И еще Скрипицын заявил, что денег грязных не тратил, что он для того лишь надавливал на этих прыщей, чтобы они не выдержали и лопнули, сами себя выдав. Сообщил также, что неоднократно докладывал в особый отдел о личностях потерпевших всю правду, но в особом отделе отмалчивались.
Дело приняло самый неожиданный поворот, потому что записки Скрипицына в отделе обнаружились. Об этом доложил уже начальник особого Смершевич, покрываясь испариной на глазах трибунала. В объявленном перерыве, чему были свидетелями конвоиры, этот Смершевич подлезал к Скрипицыну со всех сторон и шипел, боясь, что его услышат: «Забыл, откуда тебя вытащили? Сиди тихо, салоед!» После перерыва слушание было прекращено, и Скрипицына отвезли в следственный изолятор.
Полк втихую гудел. А на следующее утро обнаружили, что повесился в лазарете Покровский. Задирайло отправился в прокуратуру – отзывать заявление. А в полку начались допросы, дознанья… Сколько голов полетело! Полк выглядел так, будто с него содрали кожу.
Старого командира полка сменили новым – им сделался с перепугу Федор Федорович Победов, который воровал понемногу, а потом и вовсе завязал, получив командирство. Скрипицына оправдали, и его, к великому удивленью, взял к себе Смершевич дознавателем в особый отдел. Тогда-то он и получил важную прибавку в звании, произведенный в старшие прапорщики. И многие потом слышали, как, бывало, Смершевич его распекал: «Ну ты, сало, я тебя еще не простил, сиди тихо».

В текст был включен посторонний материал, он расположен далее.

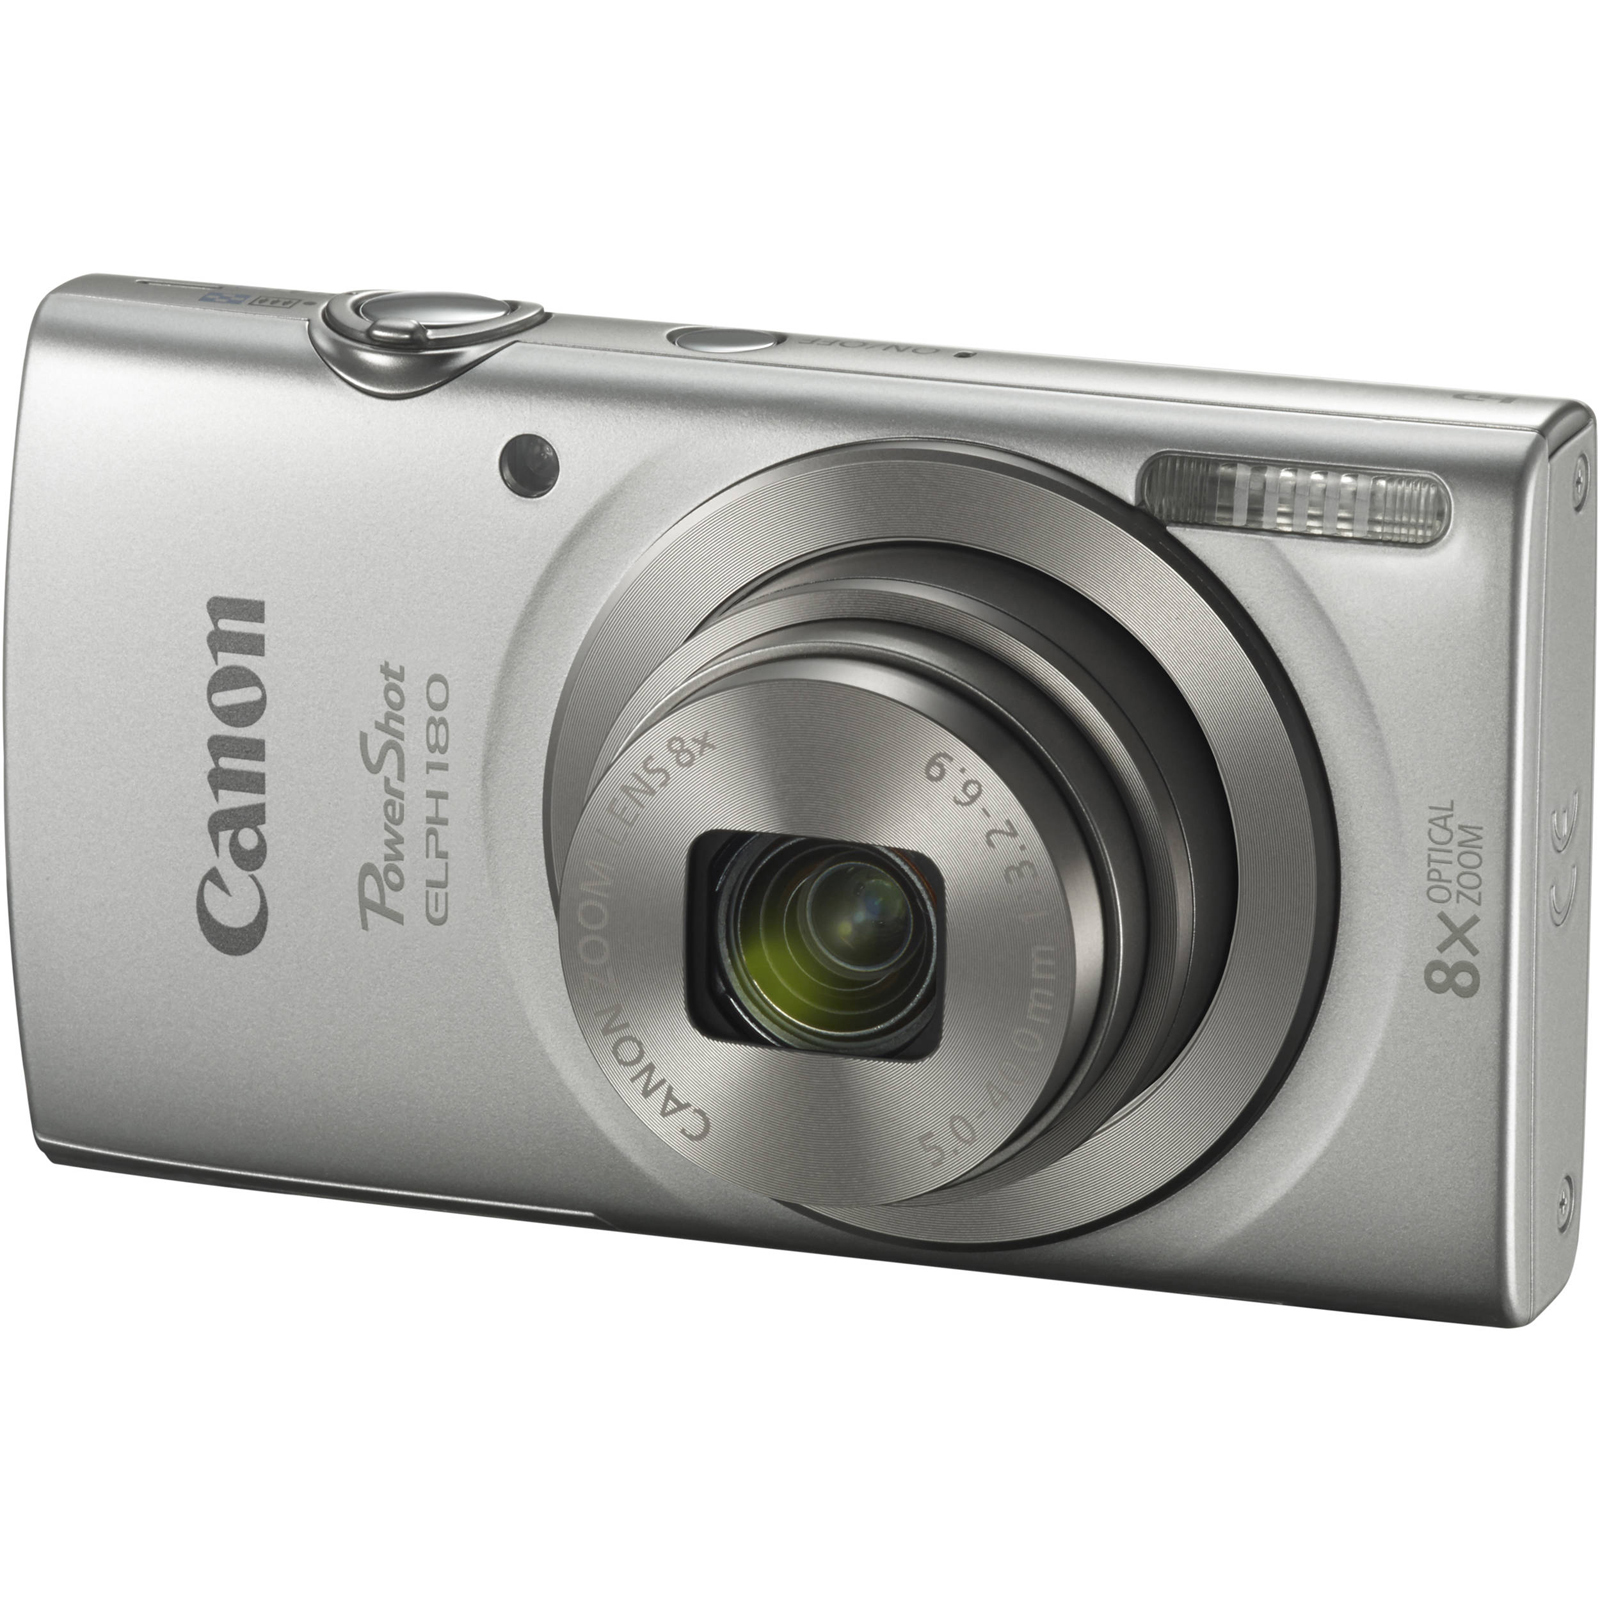 Canon Powershot Elph 180 Silver Camera - image 1 of 8

Сколько времени минуло, не сказать: жизнь в полку наладилась, и счет времени потеряли. И про скрипицынское дело совсем было позабыли. Новым делом, тряхнувшим полк, было дело семерых. Случилось оно без Скрипицына, но многое изменило и в его жизни. Обычно по осени городской санэпидемстанцией посылалась машина – и полковой сортир откачивали, полный уже до краев. За вызов отвечала тыловая служба, но там тогда сменилось начальство и машину позабыли вызвать. Зимой сортир переполнился, отчего и расположение полка в укромных местах стало засоряться. Вычерпать говно было невозможно, потому что зима есть зима. Оставалось или выдалбливать, или ждать весны, чтобы растаяло. Ведь если бы выдалбливали, то могли и саму теплушку снести. Тогда-то Федор Федорович Победов самолично и приказал отрыть на задках еще одну отхожую яму, временную. Ее ковыряли в мерзлой земле семеро солдат, находившихся на излечении в лазарете. Их привлекли, чтобы не отрывать здоровых людей от службы, да здоровые и не согласились бы строить парашу. Доходяги же и этому радовались, чтобы хоть с недельку еще не видать казарму. Они уже расковыряли яму в человеческий рост, когда наткнулись на глыбистый оледеневший кабель, но, не разобрав что к чему, долбили по нему ломами как по камню. Током перерубленного кабеля всех семерых разом и убило. Когда расследовали их смерть, то обнаружили в штабе карту подземных коммуникаций, на которой кабель был точно обозначен пунктиром. Эту карту, отдавая приказ, Победов даже не затребовал. Место для сортира он определил на глазок, по старинке. Расследование и само гибельное событие поизносили полковнику сердчишко. Он жалел погибших ребят до боли, укорял себя – и все же не понимал своей вины, точно произошел простой несчастный случай. Спас полковника от суда Смершевич – так запутал расследование, что превратил семь трупов в дым. Сослужив такую важную службу, Смершевич ожидал особого к себе уважения, но полковник им брезговал, успев втайне и возненавидеть. А однажды даже прямо высказал, чтобы тот из полка убирался, на что Смершевич ответил, что сам уберет Победова из полка.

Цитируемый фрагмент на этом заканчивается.